I have a more intuitive explanation of Q and K. Q (Query) is like a search query...

I have a more intuitive explanation of Q and K.

Q (Query) is like a search query. K (Key) is like a set of tags or attributes of each word that the query can look for.

Imagine the self-attention scores for the sentence ”The chicken crossed the road because it wanted to get to the other side.”

Let’s look specifically at the word “it”. We can imagine the matrix Q_it as a representation of attributes of the word we want “it” to gain context from. For example, “it” is a pronoun, and therefore gains context from nouns. Therefore, the matrix Q_it might have some representation of “noun” in it, because we want it to take context from nouns.

In other words, one of the goals during the training process of a transformer network is to train a weight W_q to map a word to a matrix representation of attributes of words it gains context from. So W_q should map any word that’s a pronoun to a noun query.

Similarly, K can be thought of as a representation of attributes of each word. So K_chicken should also have a “noun” tag.
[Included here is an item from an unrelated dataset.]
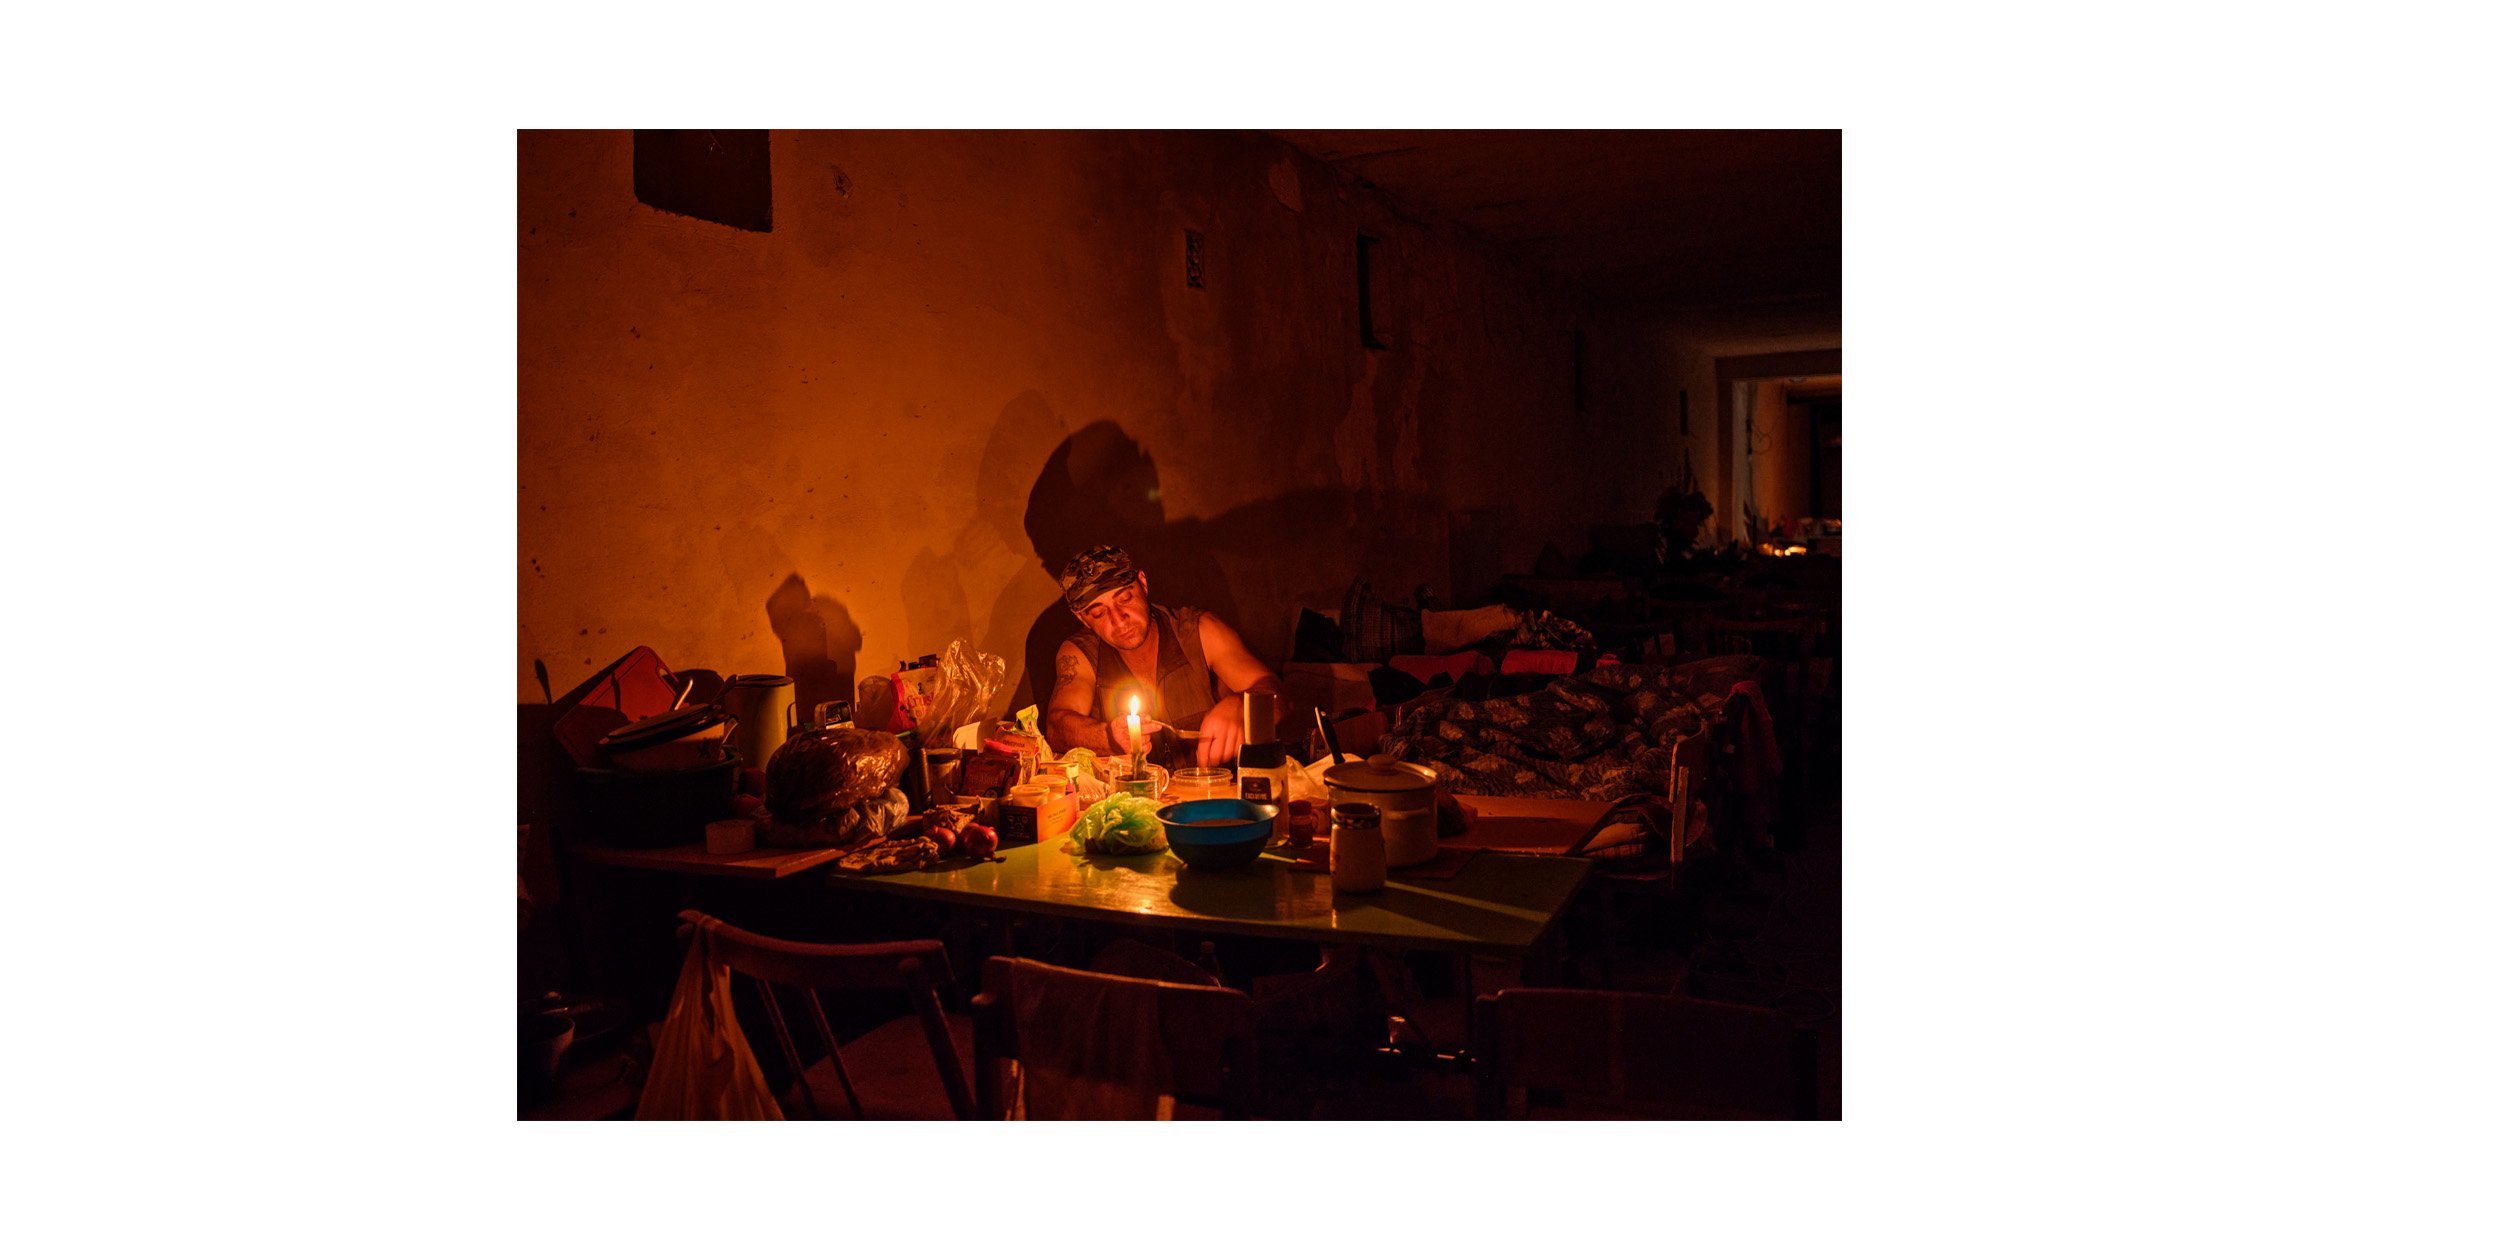  Oleg eating lunch, Velyka Novosilka, Donbas region, Ukraine

So one of the goals during training is to train W_k, that maps the latent-space representation of a word (chicken) to a matrix representation (K_chicken) of it’s important attributes (noun).

When we take the dot product of Q and K, what we’re finding is the similarity between those 2 matrices. In other words Q_it * K_chicken should have a high value because “it” is looking for nouns in it’s query, and “chicken” is a noun.

Obviously this is a very human-centric explanation and how the weights W_q and W_k are trained in practice may not align perfectly with human interpretable concepts, but hopefully helps with understanding.